[HN Gopher] A closer look at BookCorpus, a key dataset in machin...
___________________________________________________________________
A closer look at BookCorpus, a key dataset in machine learning
Author : Kaibeezy
Score : 100 points
Date : 2023-09-19 12:13 UTC (1 days ago)
(HTM) web link (towardsdatascience.com)
(TXT) w3m dump (towardsdatascience.com)
| dougb5 wrote:
| The Wikipedia article on BooksCorpus raises an important point
| about how researchers used the word "unpublished" to describe the
| books in this corpus -- this word appears in both the original
| Aligning Books paper, as well as OpenAI's papers, which don't
| even bother to acknowledge SmashWords. The books aren't
| "unpublished" -- SmashWords is a self-publishing platform!
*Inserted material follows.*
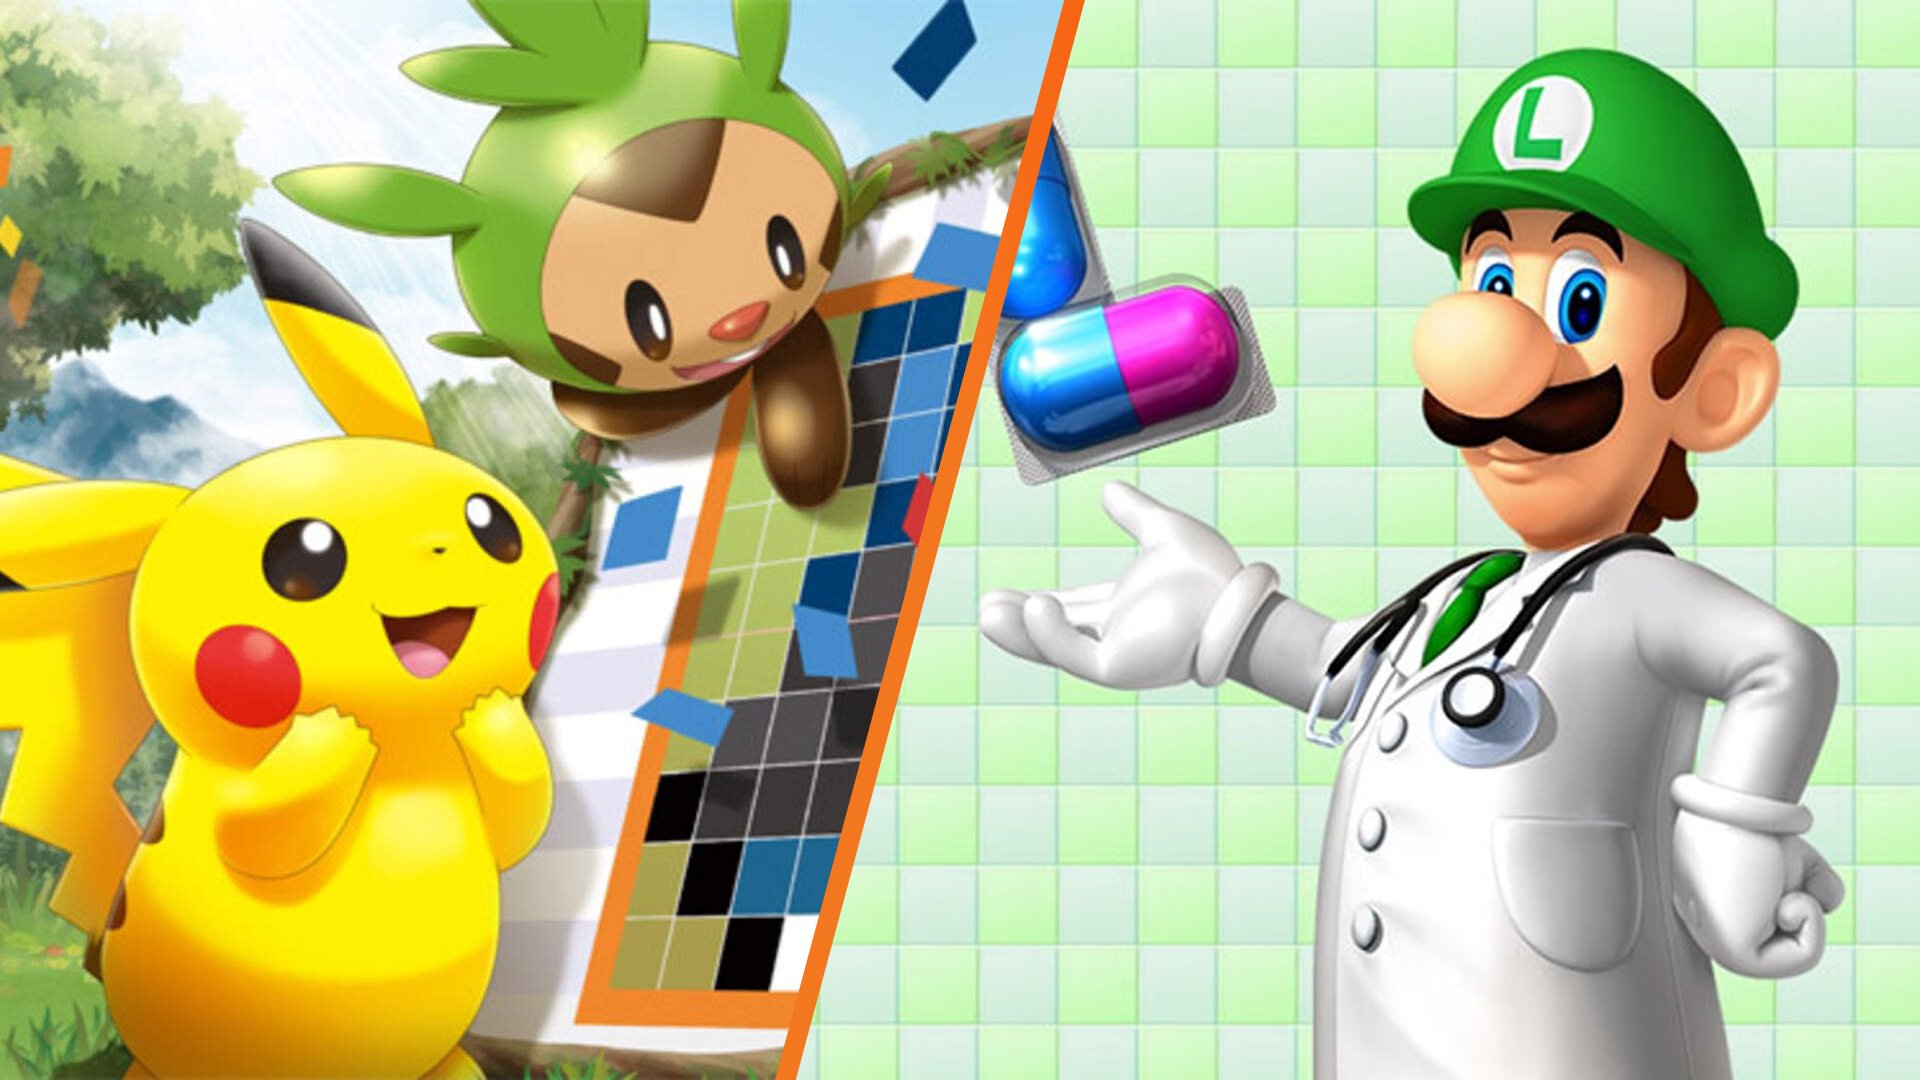 20+ Wii U & 3DS eShop Games You NEED to Buy Before They're Gone Forever!

| Whether deliberately or not, the word choice diminishes the human
| effort that was appropriated by the researchers to train the
| models.
| armcat wrote:
| This is really a fantastic analysis of a dataset, and it's
| something that should be a mandatory form of smokescreen before
| proceeding with actual model training, in every organization or
| research group. Whether you are using public datasets, buying 3rd
| party data, doing in-house data collection and annotation, or
| paying someone to do it for you, you must check for class
| imbalance and over/under representation within your data -
| inevitably human biases will creep in. Ultimately you have to
| evaluate whether this data distribution is compatible with your
| target data distribution your model will be applied on in
| production. Doing this post hoc is a real pain.
| evrydayhustling wrote:
| I agree that this is extremely valuable, but it's worth
| flagging that it's harder to reason about the impacts of class
| imbalance for generative models than e.g. classifiers. For
| example, should we think about genre imbalance per novel, per
| token, or on some more complex basis? Which genres are most
| relevant to a target distribution of chatbot queries?
|
| This isn't to suggest that organizations shouldn't invest in
| actively understanding their training data, but that post-hoc
| bias analysis is going to be a critical component of evaluation
| for the foreseeable future.
| barry-cotter wrote:
| I regret reading about half of that article and suggest you save
| the precious moments of your life that reading it would take and
| do something that is valuable out interesting instead.
| politelemon wrote:
| I see many courses and papers base their work off BookCorpus. So
| this should be somewhat significant. What are the 'places' that
| these concerns can be highlighted to the wider machine learning
| community? Not everyone will be here. Is there a forum or a
| 'reddit' or a conference where machine learning people regularly
| visit?
|
| The cynical me is thinking that because this is inconvenient news
| and would require rework, a lot of people would prefer to
| suppress or ignore the author's findings (assuming true).
| tastroder wrote:
| This is from 21, not really news, and the paper version on
| arxiv and published at NeurIPS have quite a few citations. No
| one's suppressing this, people that don't reflect on their
| datasets or how they use them just either don't care or fail to
| acknowledge they're actual issues.
| Kaibeezy wrote:
| IANA AI developer but have been looking into this in detail
| recently for other purposes. I was puzzled at the lack of
| info about "books" and when searching for detail (in what I
| believe was a reasonably diligent manner) found a very
| surprisingly small amount of it. I assumed there would be
| more knowledge and did ask for it here. So now I will go look
| up those papers to get a better sense of things. Thank you
| for the tip.
|
| I note neither this paper nor any discussion of "BookCorpus"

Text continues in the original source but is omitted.